How many other unknown gotchas are in the compilers? :-(

October 16, 2018
On Tuesday, 16 October 2018 at 07:09:05 UTC, Vijay Nayar wrote:
> On Monday, 15 October 2018 at 22:17:57 UTC, Jabari Zakiya wrote:
>>> $ dub build --compiler=ldc2 -b=release && echo "3000000000" | ./twinprimes
>>> Enter integer number:
>>> threads = 8
>>> each thread segment is [1 x 65536] bytes array
>>> twinprime candidates = 175324676; resgroups = 1298702
>>> each 135 threads has nextp[2 x 5566] array
>>> setup time = 1 ms, 864 μs, and 7 hnsecs
>>> perform twinprimes ssoz sieve
>>> sieve time = 196 ms, 566 μs, and 5 hnsecs
>>> last segment = 53518 resgroups; segment slices = 20
>>> total twins = 9210144; last twin = 2999999712+/- 1
>>> total time = 198 ms, 431 μs, and 2 hnsecs
>>>
>>> My understanding is that the difference in performance is largely due to slightly better optimization from the LLVM based ldc2 compiler, where I believe Nim is using gcc.
>>
>> Here's what I get on my system.
>>
>> $ echo 3_000_000_000 | ./twinprimes_test7yc.0180.gcc821
>> Enter integer number: threads = 8
>> each thread segment is [1 x 65536] bytes array
>> twinprime candidates = 175324676; resgroups = 1298702
>> each 135 threads has nextp[2 x 5566] array
>> setup time = 0.000 secs
>> perform twinprimes ssoz sieve
>> sieve time = 0.144 secs
>> last segment = 53518 resgroups; segment slices = 20
>> total twins = 9210144; last twin = 2999999712+/-1
>> total time = 0.144 secs

Hey Vijay I found subtle static typing errors.

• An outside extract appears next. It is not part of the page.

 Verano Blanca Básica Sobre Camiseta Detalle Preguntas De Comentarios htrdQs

When N < 2^32 - 1 (4,294,967,295) the twimprime count and lastprime values are correct.
When N > 2^32 - 1 both values start to be incorrect.

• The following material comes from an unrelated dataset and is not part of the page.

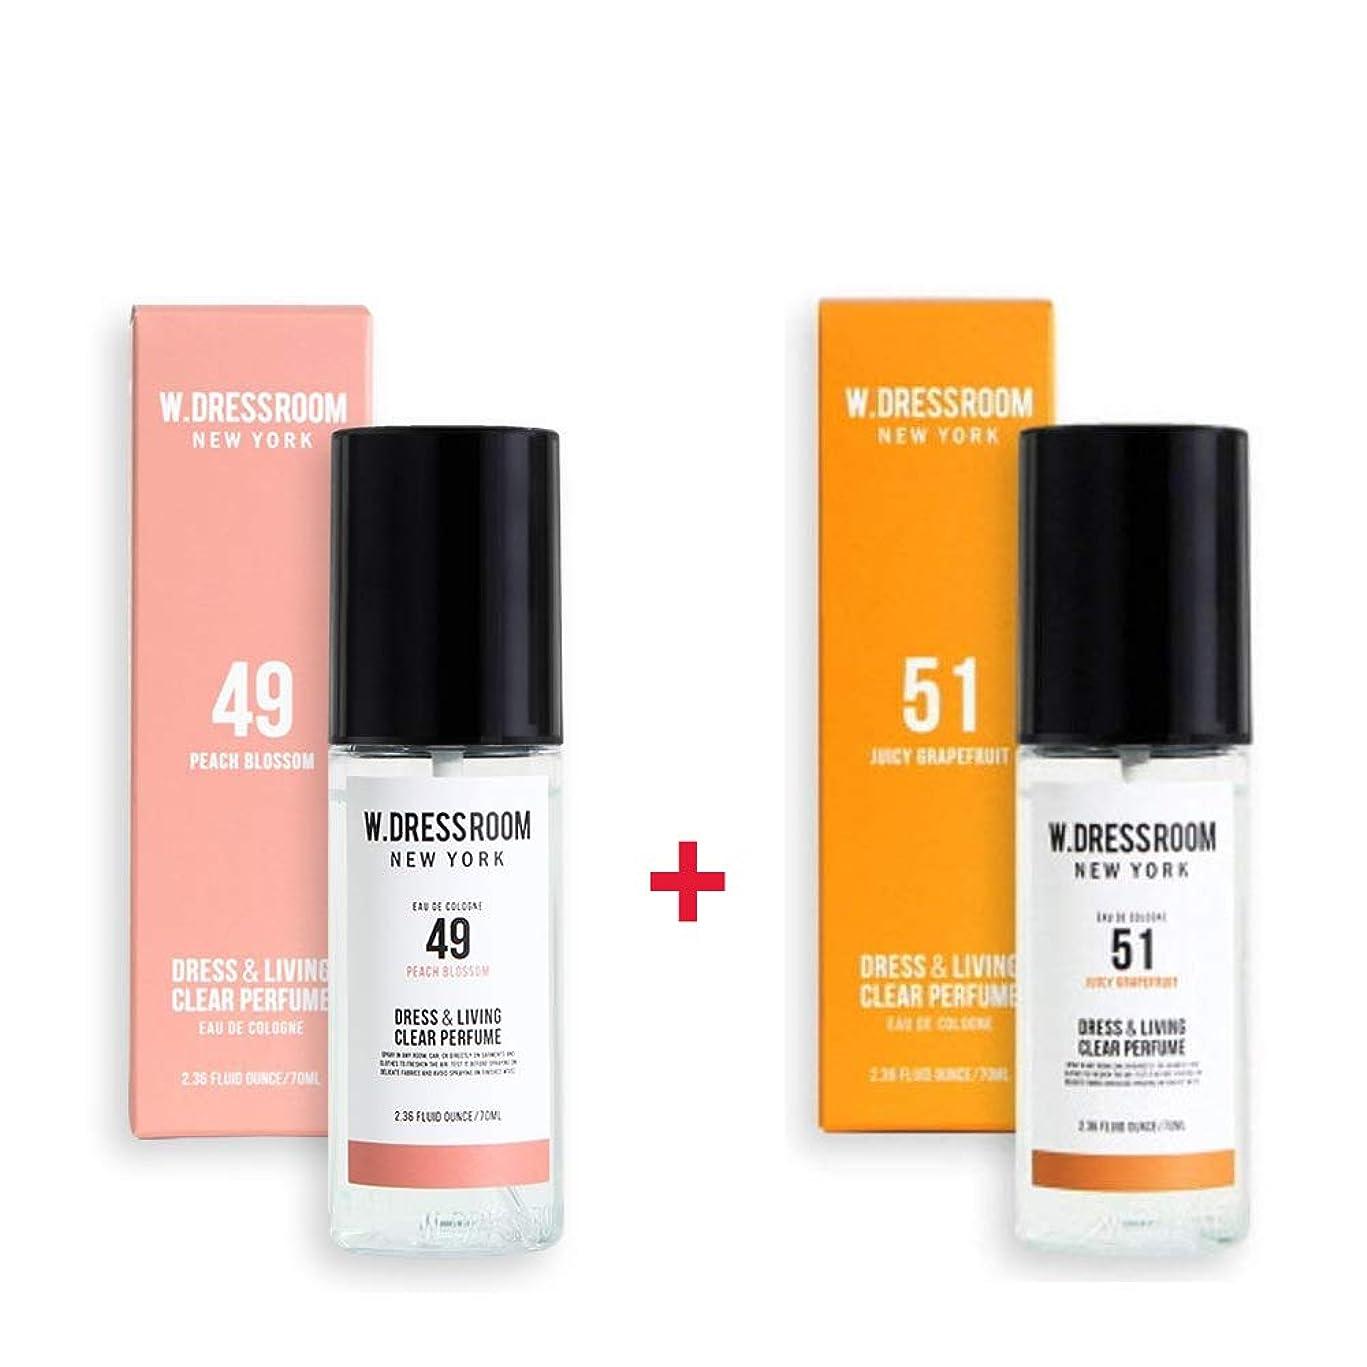 振る舞う彼は繁殖W.DRESSROOM Dress & Living Clear Perfume 70ml (No 49 Peach Blossom)+(No 51 Juicy Grapefruit)

Examples: For N = 4,000,000,000 you get correct answers

$ echo 4000000000 | ./twinprimes_ssoz
Enter integer number:
threads = 8
each thread segment is [1 x 65536] bytes array
twinprime candidates = 233766231; resgroups = 1731602
each 135 threads has nextp[2 x 6332] array
setup time = 667 μs and 5 hnsecs
perform twinprimes ssoz sieve
sieve time = 181 ms, 277 μs, and 6 hnsecs
last segment = 27666 resgroups; segment slices = 27
total twins = 11944438; last twin = 3999999798+/- 1
total time = 181 ms, 945 μs, and 1 hnsec

Examples: For N = 5,000,000,000 you get wrong answers

$ echo 5000000000 | ./twinprimes_ssoz
Enter integer number:
threads = 8
each thread segment is [1 x 65536] bytes array
twinprime candidates = 292207792; resgroups = 2164503
each 135 threads has nextp[2 x 6999] array
setup time = 744 μs and 7 hnsecs
perform twinprimes ssoz sieve
sieve time = 225 ms, 323 μs, and 4 hnsecs
last segment = 1815 resgroups; segment slices = 34
total twins = 14618173; last twin = 705034592+/- 1
total time = 226 ms, 68 μs, and 1 hnse

These are correct answers for N = 5,000,000,000

$ echo 5000000000 | ./twinprimes_test7yc.0180.gcc821
Enter integer number: threads = 8
each thread segment is [1 x 65536] bytes array
twinprime candidates = 292207792; resgroups = 2164503
each 135 threads has nextp[2 x 6999] array
setup time = 0.001 secs
perform twinprimes ssoz sieve
sieve time = 0.237 secs
last segment = 1815 resgroups; segment slices = 34
total twins = 14618166; last twin = 4999999860+/-1
total time = 0.237 secs

The first easy check should show the lastprime value just a little smaller than N.
See the timing|results table I posted earlier to see correct outputs as N gets bigger.

It took me a looong time, and was a big PITA, to get the correct static typing too in Nim, especially coming from a dynamic language like Ruby.